REGIONAL— Concern about invasive species is widespread these days, and with good reason. Invasive organisms, from ash borers to zebra mussels, can have significant consequences for both terrestrial …
REGIONAL— Concern about invasive species is widespread these days, and with good reason. Invasive organisms, from ash borers to zebra mussels, can have significant consequences for both terrestrial and aquatic ecosystems.
Yet one of the most harmful and pervasive of the invasive species lives all around most of us, affecting the ground on which we walk, the trees that grow around us, and even the quality of the water in our lakes. And, in most cases, we don’t even think of them as invasive species or recognize the dramatic changes they’ve brought to the region.
Earthworms, angleworms, or night crawlers may seem like part of the natural environment here, given that in most parts of northern Minnesota, these invasive worms are now found almost everywhere. But that wasn’t always the case. The spread of these invasive worms has happened gradually over the past century, facilitated mostly as worms became popular fishing bait. The invasion has spread from hot spots around popular fishing lakes to eventually encompass most of northern Minnesota.
Lee Frelich has reason to know about the impact of invasive earthworms. He’s a professor of forest ecology at the University of Minnesota and the lead author of a recently published article in the journal, Frontiers in Ecology and the Environment, that documents the extent to which the spread of non-native earthworms is fundamentally altering northern forests.
According to the study, European earthworms now inhabit more than 80 percent of Minnesota, Wisconsin, and Michigan, and the presence of these invasive worms is creating a cascade of impacts, from increasing the susceptibility of forests to drought to creating excessive runoff to diminishing water quality in lakes and streams.
Perhaps the most obvious change, says Frelich, is the almost total elimination of the deep duff layer that used to be commonplace in Minnesota forests. That’s the result of aggressive feeding by earthworms, which consume and digest this kind of organic matter. According to Frelich, prior to the introduction of non-native earthworms, the leaf litter that covered the ground in northern Minnesota’s forests was often 6-7 inches thick, representing the accumulation of as much as 20 years’ worth of organic material.

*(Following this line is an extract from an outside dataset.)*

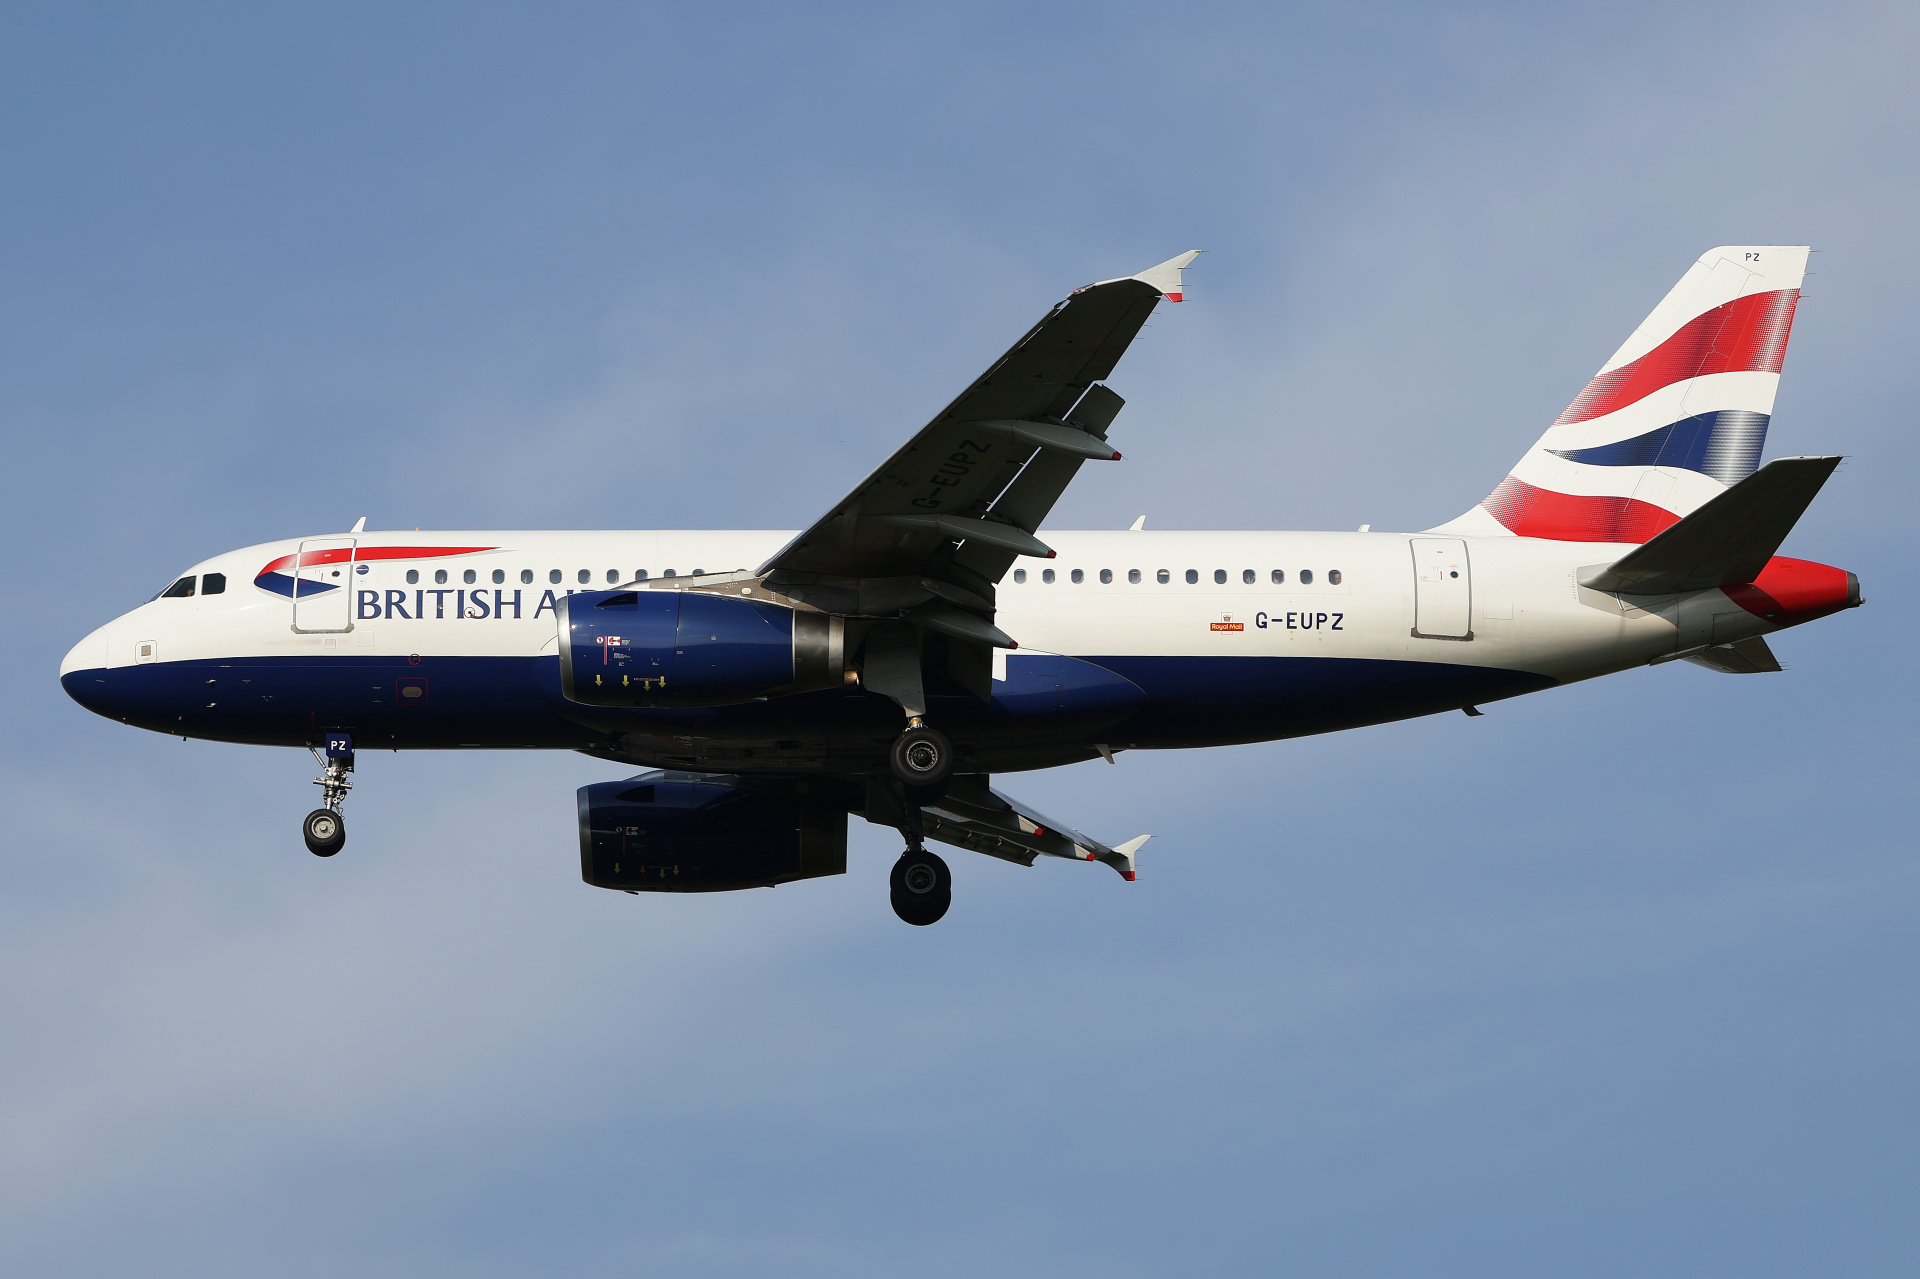 G-EUPZ (Aircraft » EPWA Spotting » Airbus A319-100 » British Airways)

Frelich, who has studied areas that invasive worms have yet to reach, said the difference between the forest floor in infested and un-infested areas is dramatic. Where earthworms still are absent or rare, the ground is spongy. “It’s literally like walking on a memory foam mattress,” he said.
That layer of duff plays a significant role in many aspects of the forest ecosystem, according to Frelich. “The duff provides a lot of insulation, which means midsummer soil temperatures don’t get as warm. It also helps to retain moisture, like mulch in your garden.”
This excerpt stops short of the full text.